In Helix, plaintiff Michael Hewitt filed an action against his employer seeking overtime pay under the FLSA, which guarantees overtime pay to covered employees when they work more than 40 hours a week. From 2014 to 2017, Hewitt worked for Helix on an offshore oil rig, typically working 84 hours a week. He was paid on a daily-rate basis, with no overtime compensation, and he earned over $200,000 annually.
Helix asserted that Hewitt was exempt from the FLSA’s overtime requirements because he was a “bona fide executive,” which requires that the employee satisfy three tests: (1) that the employee is paid on a “salary basis” test; (2) that the employee is paid over a certain salary threshold; and (3) that the employee performs certain exempt duties. There was no dispute that Hewitt satisfied the duties criteria and received more than the threshold amount; rather, the issue was whether Hewitt was paid on a “salary basis,” since he was paid a day rate.
Broadly, the Department of Labor has defined payment on a “salary basis” to mean either: (1) under 29 C.F.R. § 541.602(a), that the employee receives for each pay period, on a weekly or less frequent basis, a predetermined amount constituting all or part of the employee’s compensation, which amount cannot be subject to reduction because of variations in the quality or quantity of work performed; or (2) under 29 C.F.R. § 604(b), that the employee is guaranteed at least the minimum weekly required amount paid on a salary basis regardless of the number of hours, days or shifts worked, and a reasonable relationship exists between the guaranteed amount and the amount actually earned. The reasonable relationship test is satisfied if the weekly guarantee is “roughly equivalent” to the employee’s usual weekly earnings.
The District Court agreed that Hewitt was paid on a salary basis and thus was exempt from overtime; however, the Fifth Circuit reversed, holding that, since Hewitt received a day rate and did not know the amount of his compensation for each weekly (or less frequent) pay period before he worked, he did not receive a predetermined, guaranteed amount and thus was not paid on a salary basis.
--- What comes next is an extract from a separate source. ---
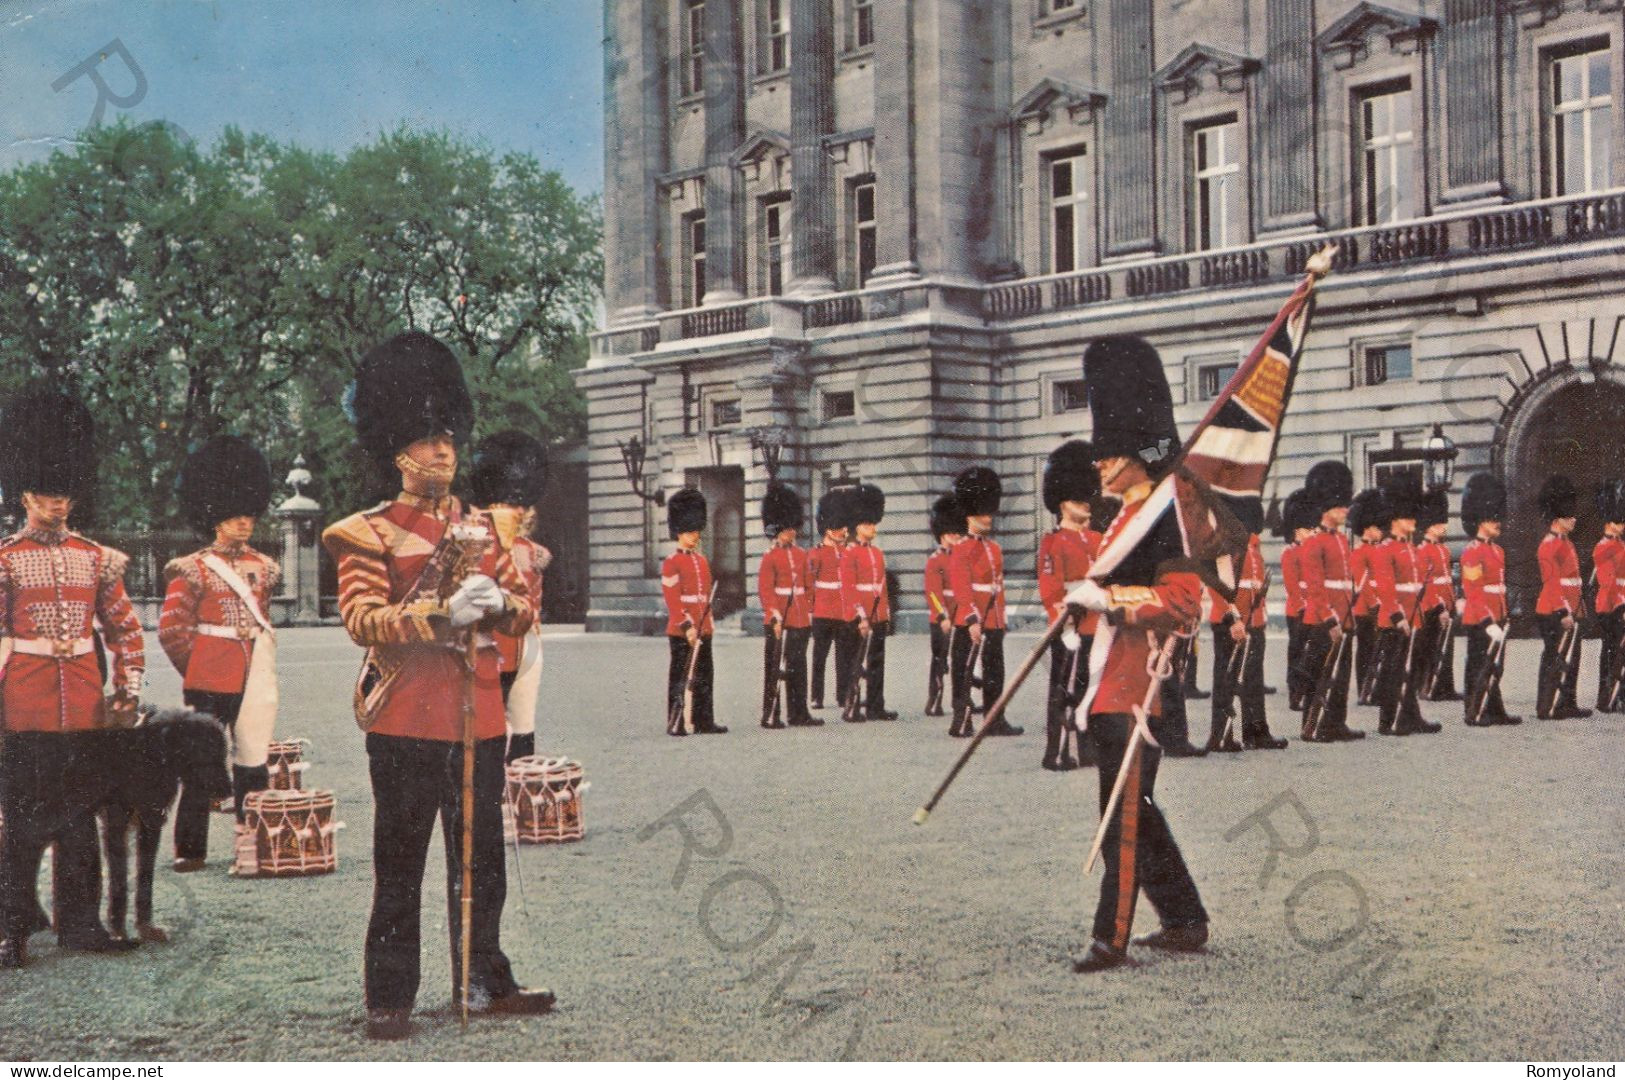 CARTOLINA  LONDON,INGHILTERRA,REGNO UNITO-CHANGING THE GUARD CEREMONY AT BUCKINGHAM PALACE-BOLLO STACCATO,VIAGGIATA 1971 - Buckingham Palace

The Supreme Court affirmed, holding that Hewitt was not paid on a salary basis. Helix did not argue that it satisfied the salary basis test under § 604(b), because Helix did not promise a weekly guarantee. Therefore, the Supreme Court analyzed whether Hewitt’s day rate satisfied the salary basis test under § 602(a), concluding that it did not. The Supreme Court reasoned that payment of a day rate does not satisfy § 602(a)’s requirements that: (1) the employee be paid on a weekly or less frequent basis; and (2) the employee be paid without regard to the numbers of days or hours worked. Thus, the Supreme Court held that day rates are not a salary for the purposes § 602(a). Accordingly, while Hewitt was highly paid, he was not exempt from the FLSA’s overtime pay guarantee.
Given the above, companies utilizing FLSA exemptions are encouraged to carefully review requirements and ensure employees are paid on a salary basis, even when they are highly compensated, which for employees paid on a daily rate can only be done by satisfying § 604(b)’s requirements. At a high level, employers should be cognizant that employees receiving day rates (or similar pay methods which may fluctuate) may not, on their own, satisfy the FLSA’s salary basis requirement.